> [WHAT THE TASK ASKS]: Output the listing exactly as written, apart from its pictures.

───── DATA BELOW

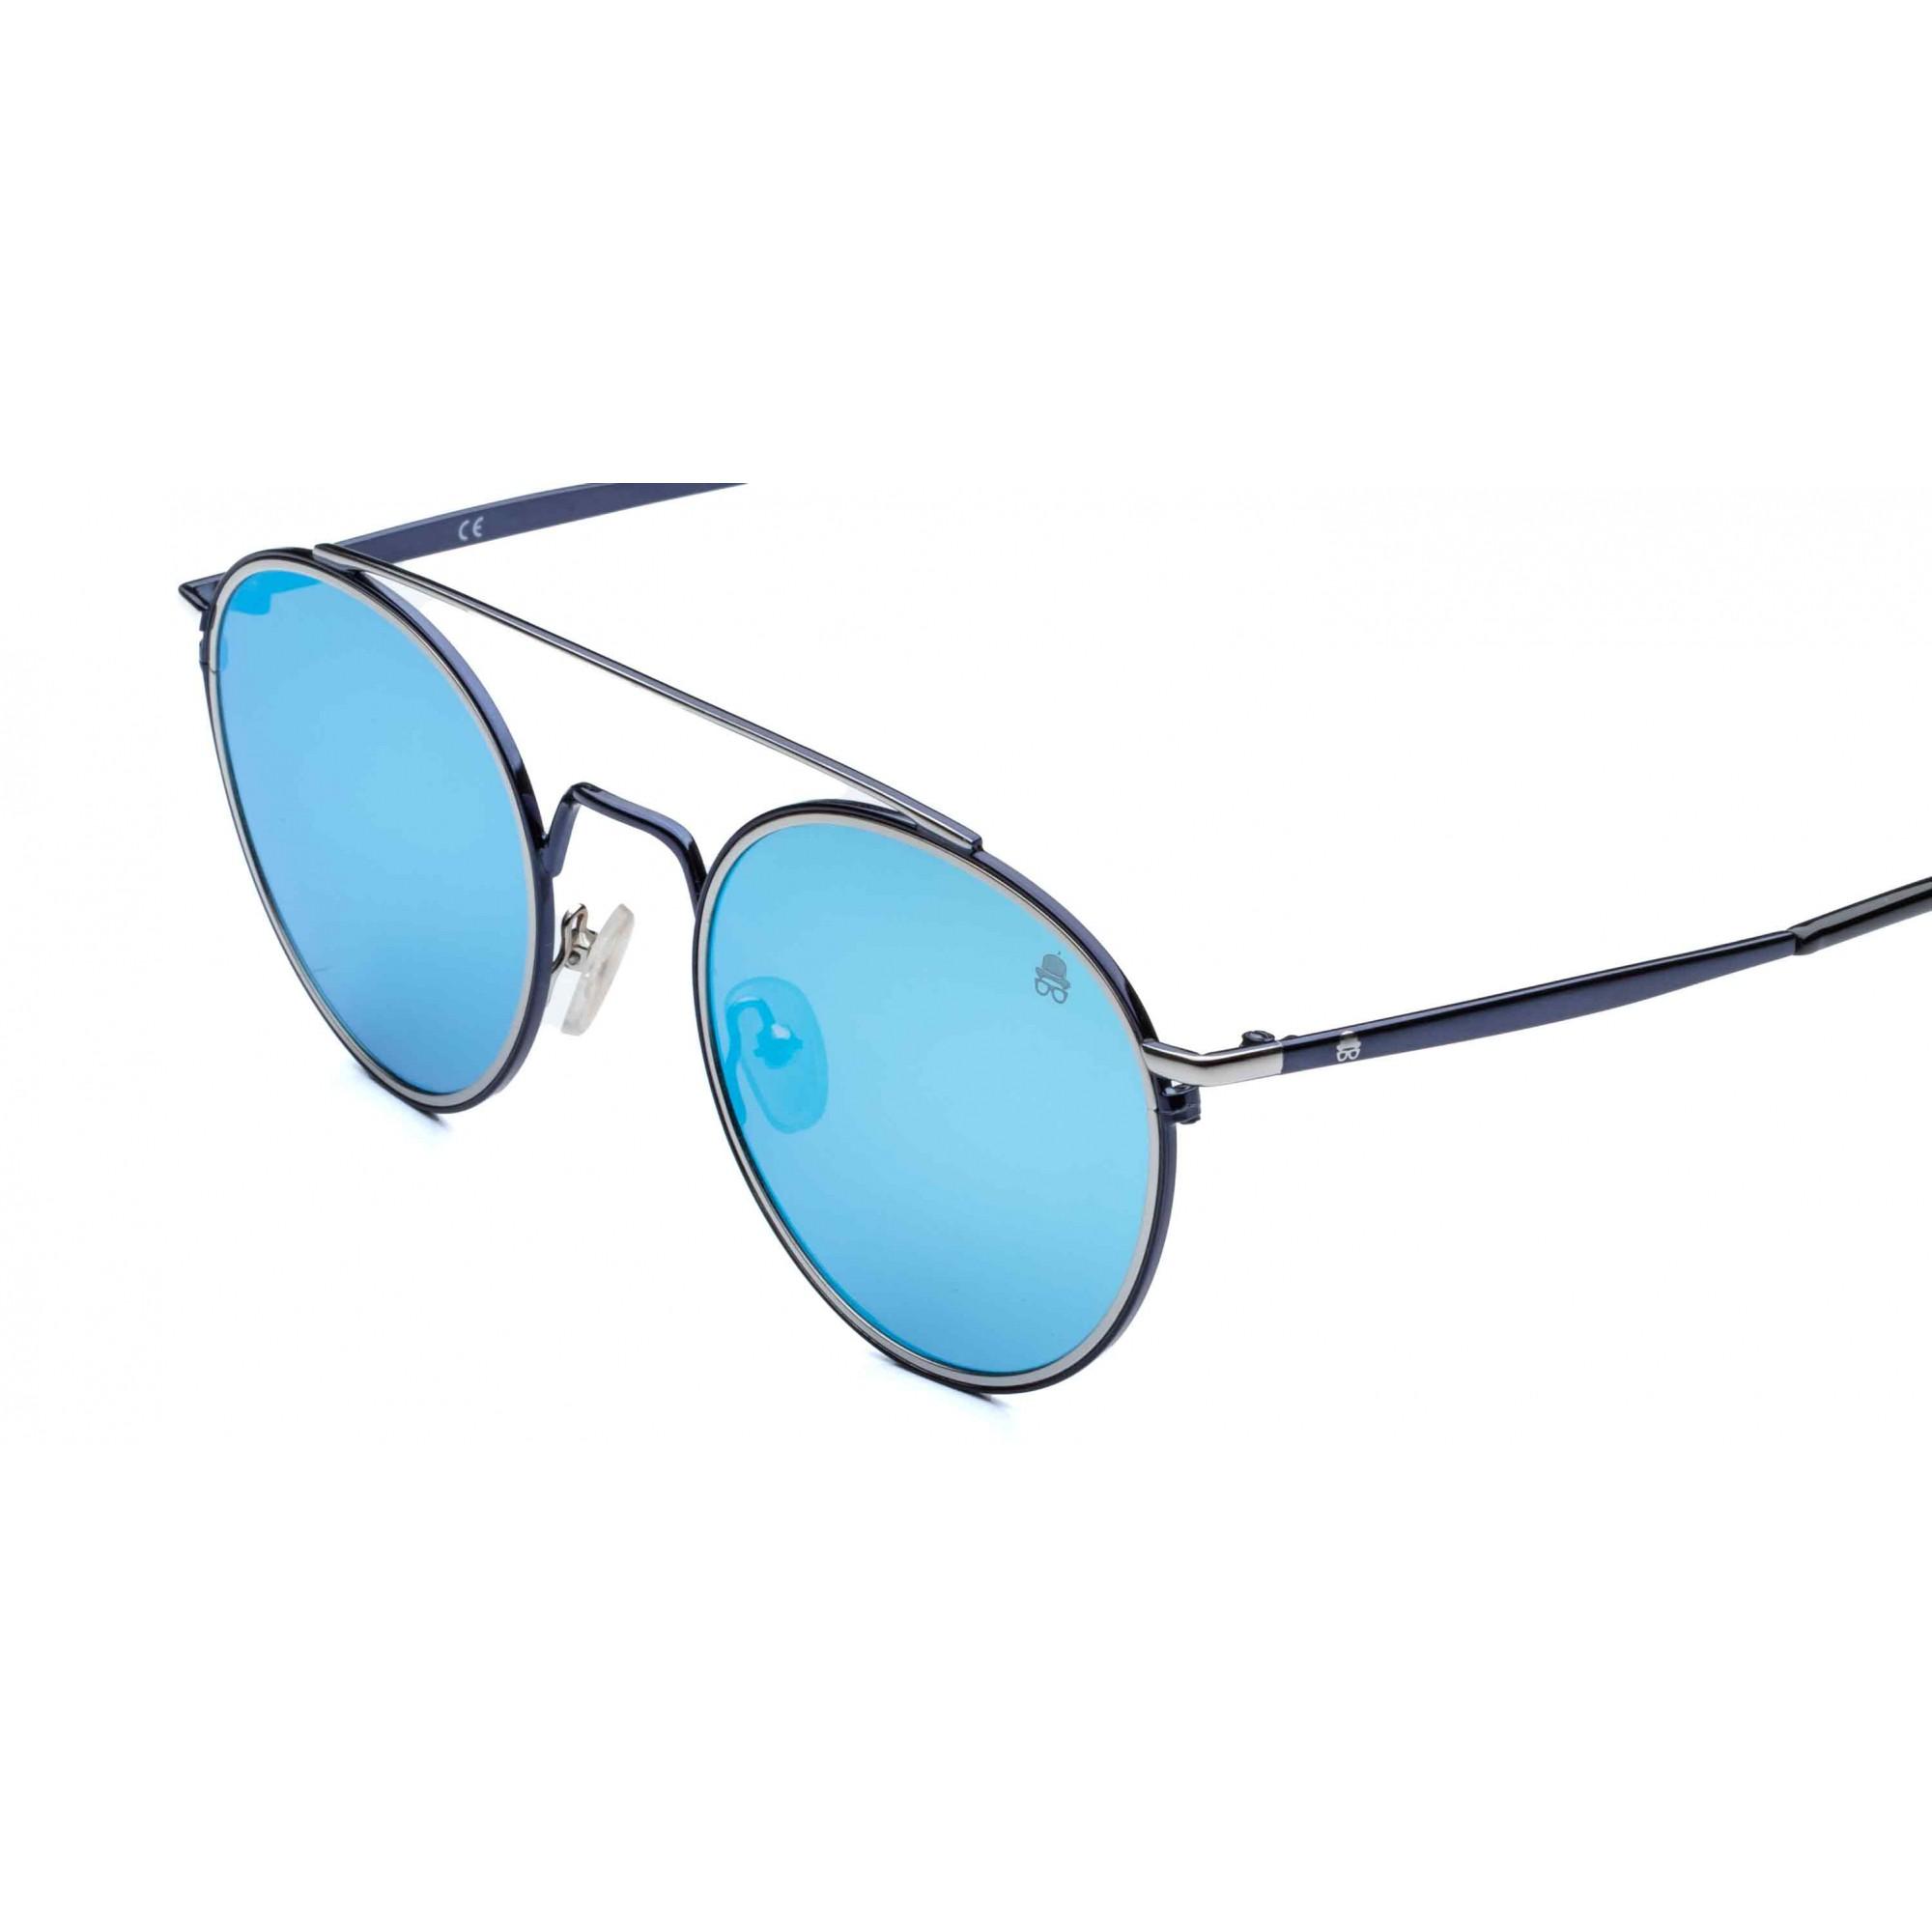 Óculos de Sol Vayne + Lente Solar com Grau
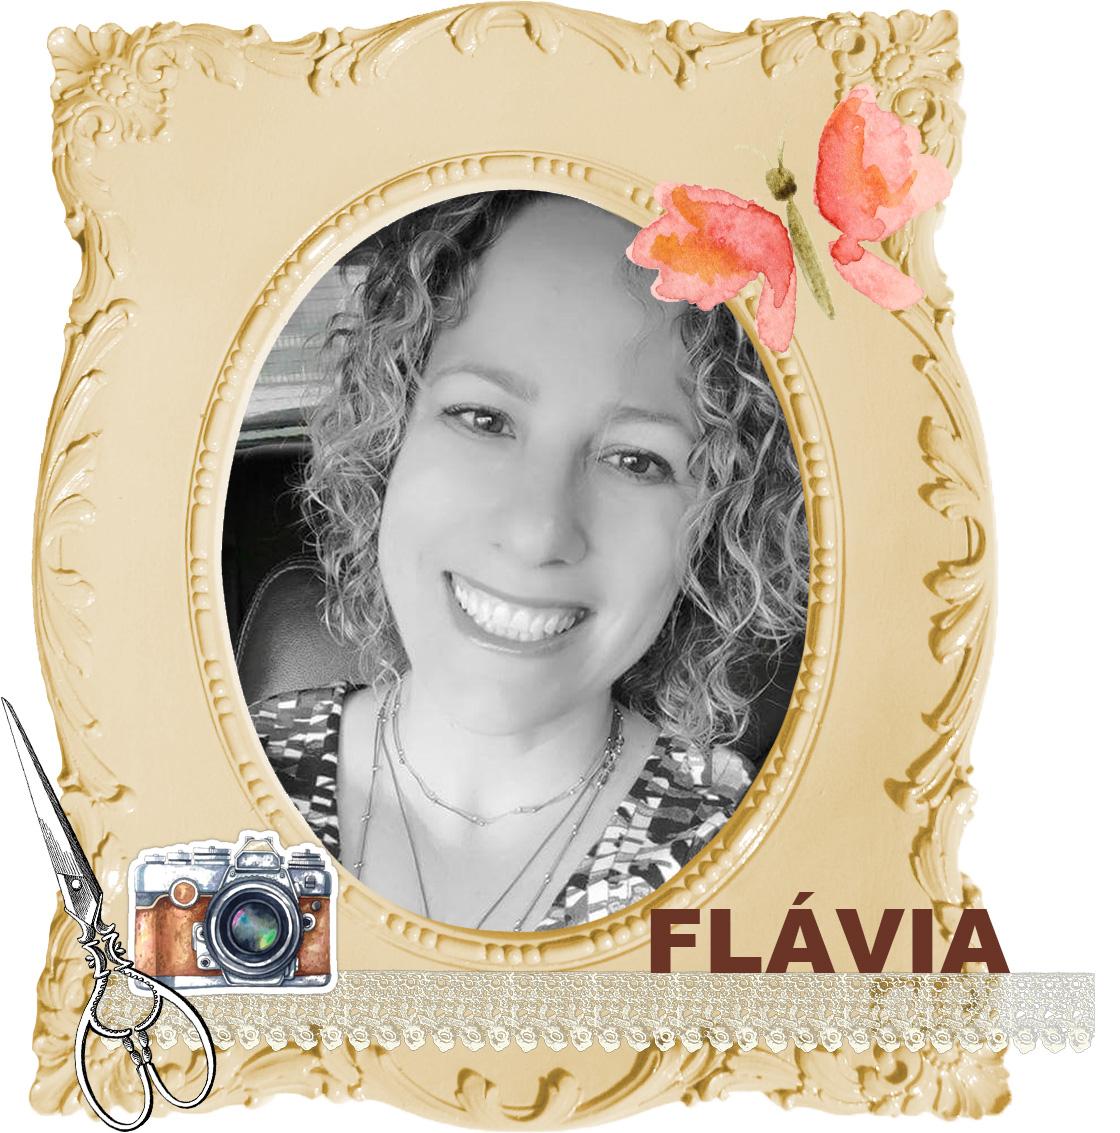 Designer Flávia Gaiguer
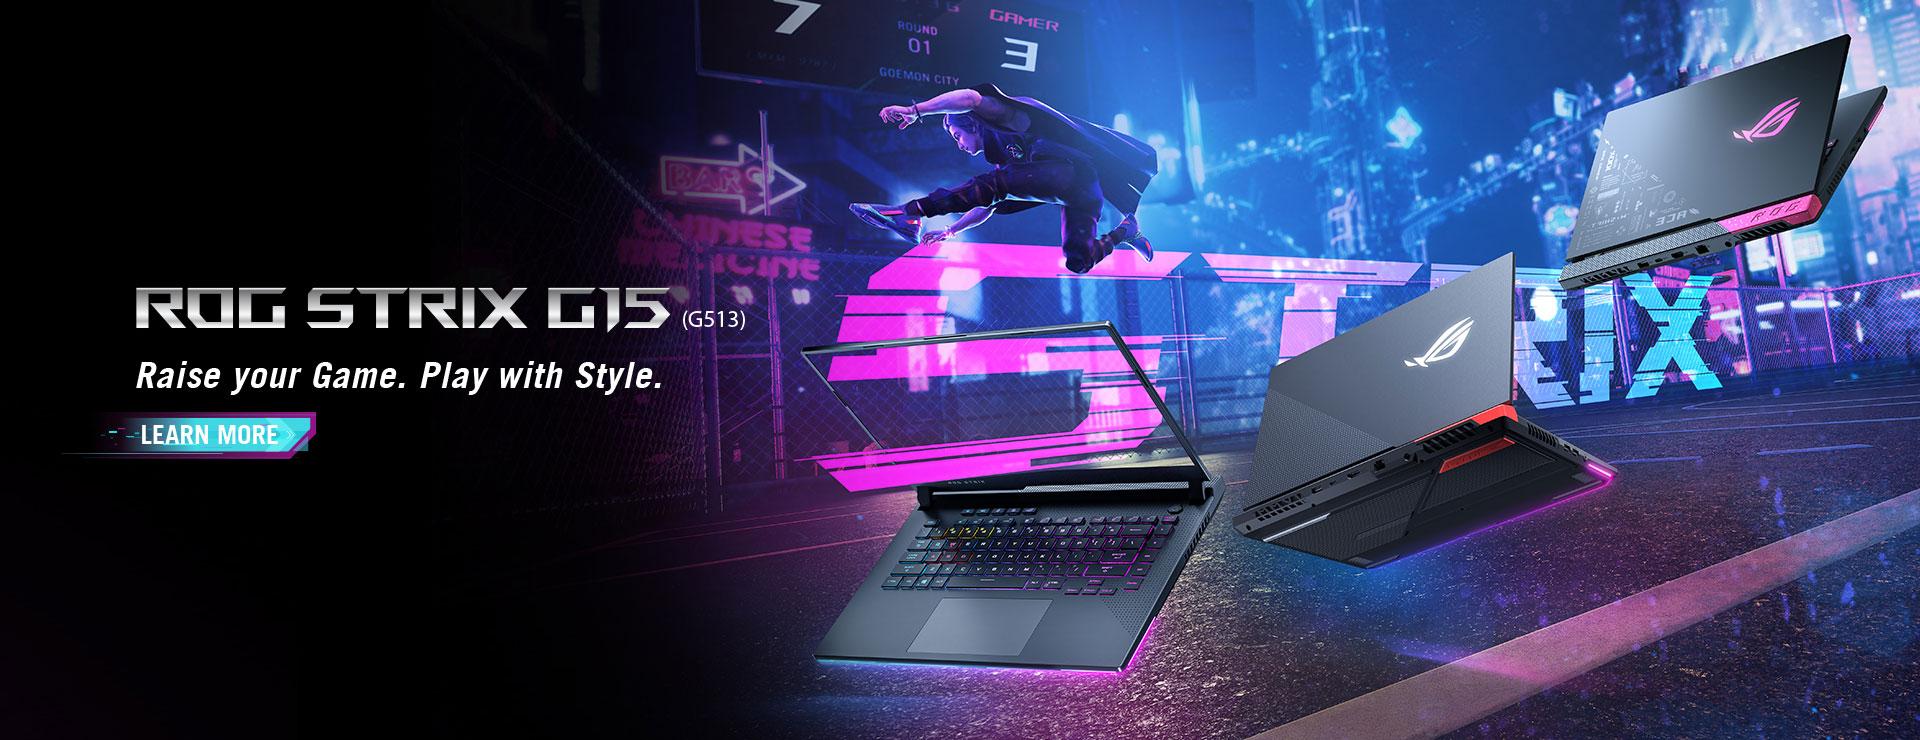 2021-rog-strix-g15-series

──────────

> [SOLUTION TO THIS TASK]:
 Óculos de Sol Vayne + Lente Solar com Grau
 Designer Flávia Gaiguer
 2021-rog-strix-g15-series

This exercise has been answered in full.